*** INFORMATION SUPPLIED ***

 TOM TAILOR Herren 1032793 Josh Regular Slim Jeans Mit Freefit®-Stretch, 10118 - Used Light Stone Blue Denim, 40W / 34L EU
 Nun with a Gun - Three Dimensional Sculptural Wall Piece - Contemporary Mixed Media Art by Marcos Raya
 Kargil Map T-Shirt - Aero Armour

*** End of INFORMATION SUPPLIED ***

Now write the data shown above out again, word for word.

 TOM TAILOR Herren 1032793 Josh Regular Slim Jeans Mit Freefit®-Stretch, 10118 - Used Light Stone Blue Denim, 40W / 34L EU
 Nun with a Gun - Three Dimensional Sculptural Wall Piece - Contemporary Mixed Media Art by Marcos Raya
 Kargil Map T-Shirt - Aero Armour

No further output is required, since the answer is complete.